## Problem statement
Every picture is to be removed, and all the data is to be copied exactly.

━━ Data provided ━━

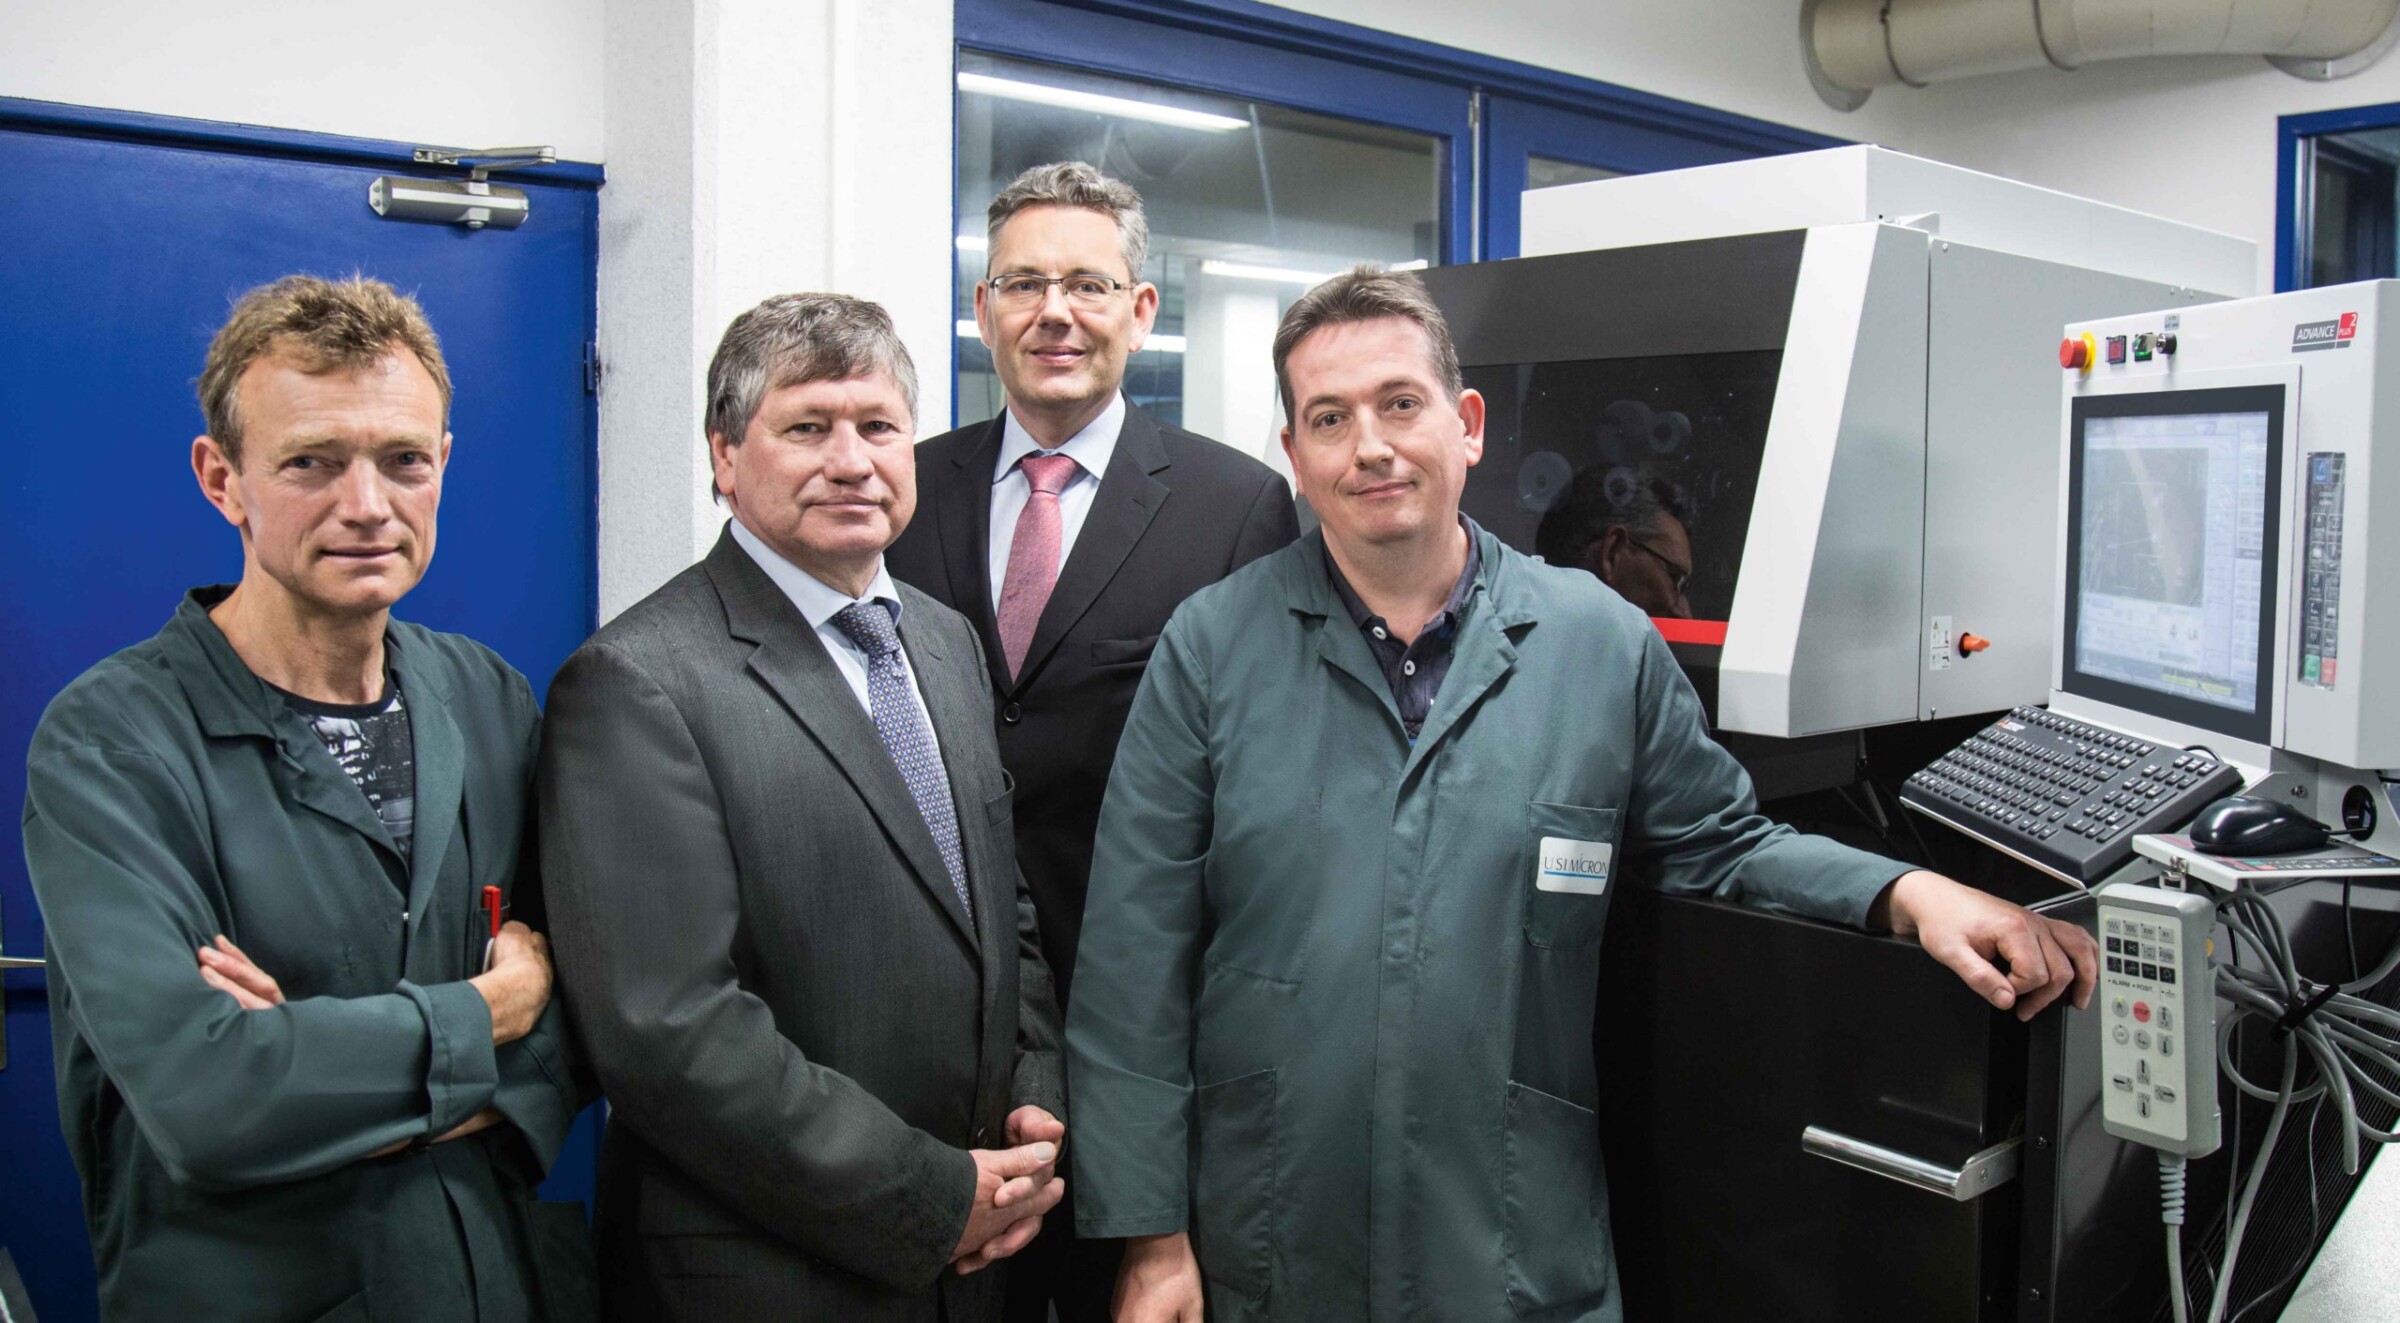 Alain Perrenoud, USIMICRON; Joël Martin, Product Manager for EDM systems from Mitsubishi Electric at exclusive dealer Delta Machines in France; Kersten Juhls, Regional Sales Manager for EDM systems at Mitsubishi Electric; and Sébastien Devernay, USIMICRON, have collectively chosen the MV1200R, the best-possible machining solution for USIMICRON.
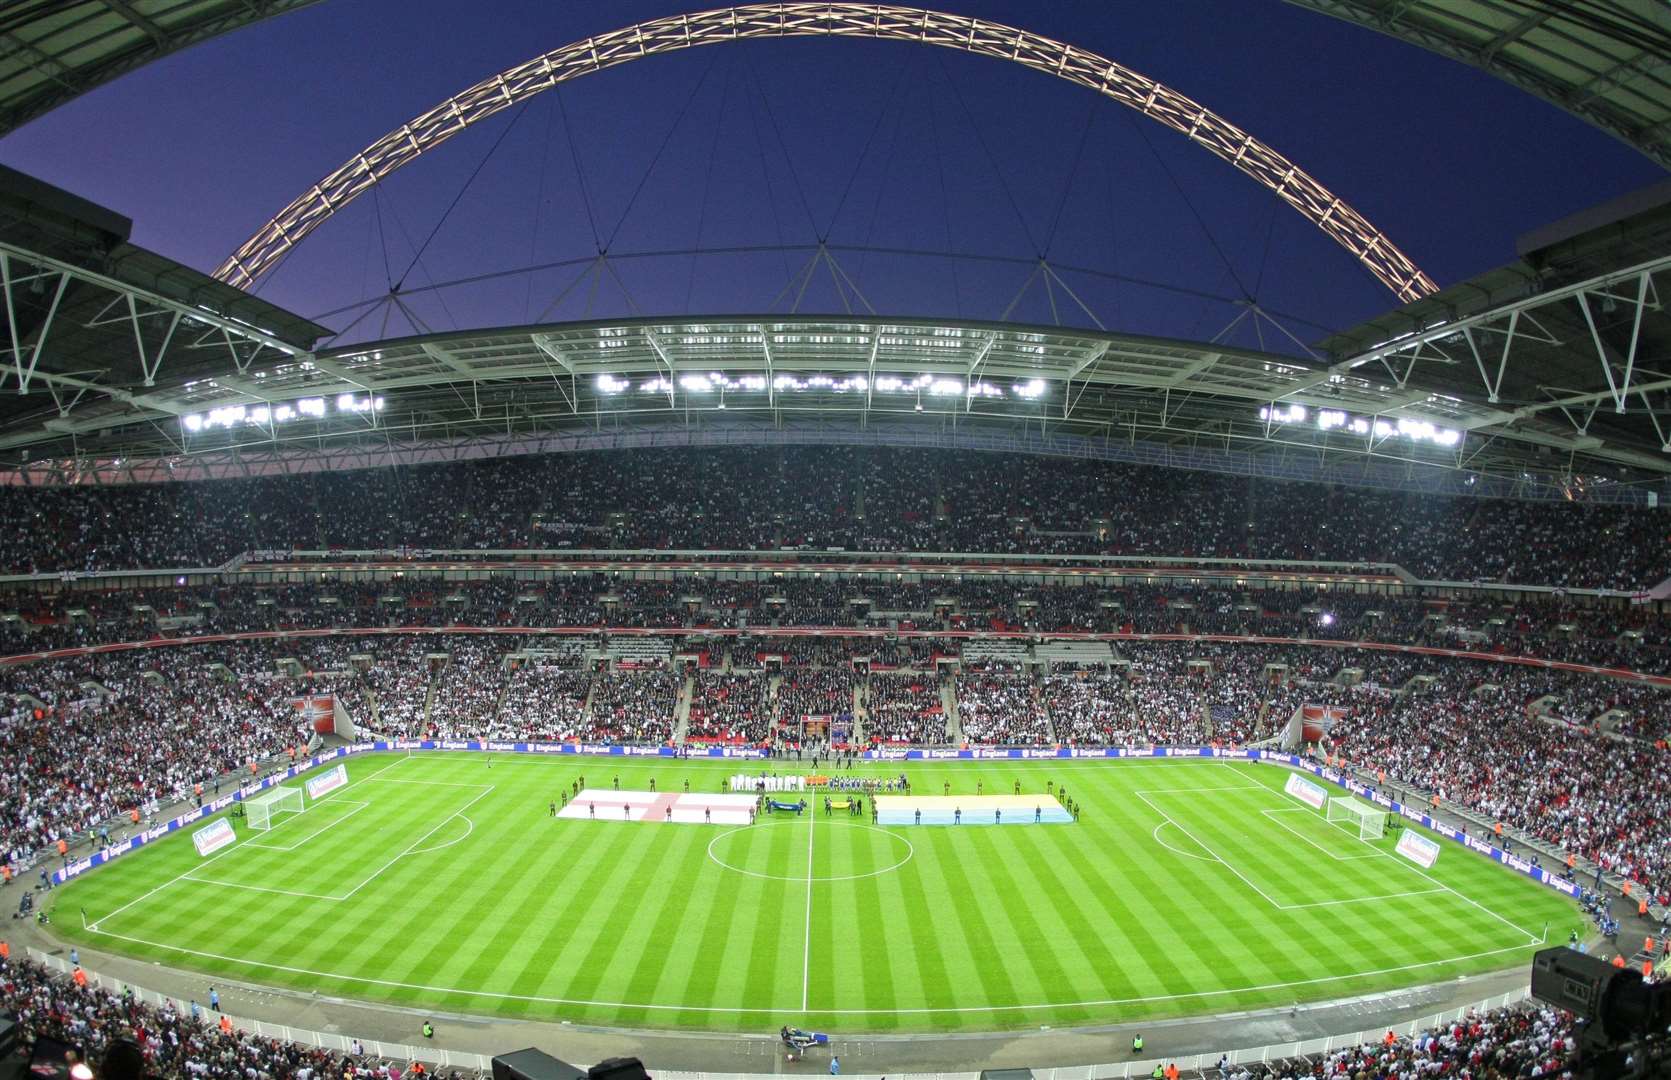 The children will watch Spurs play Cardiff at Wembley Stadium
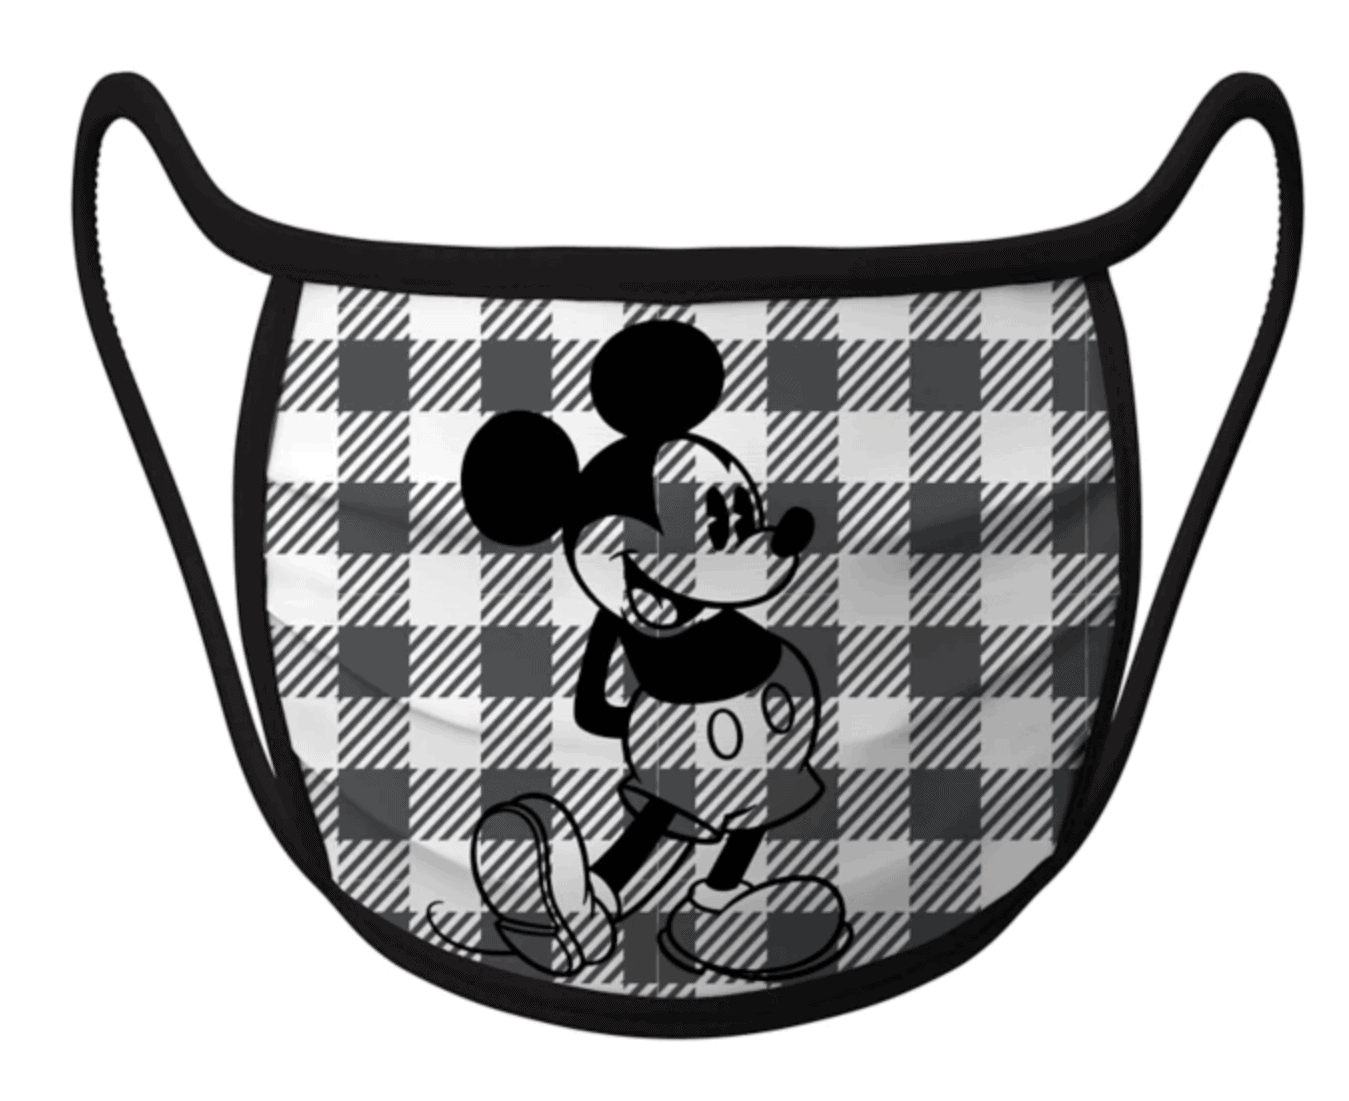 Mickey Mouse 1

━━━

## Expected output
 Alain Perrenoud, USIMICRON; Joël Martin, Product Manager for EDM systems from Mitsubishi Electric at exclusive dealer Delta Machines in France; Kersten Juhls, Regional Sales Manager for EDM systems at Mitsubishi Electric; and Sébastien Devernay, USIMICRON, have collectively chosen the MV1200R, the best-possible machining solution for USIMICRON.
 The children will watch Spurs play Cardiff at Wembley Stadium
 Mickey Mouse 1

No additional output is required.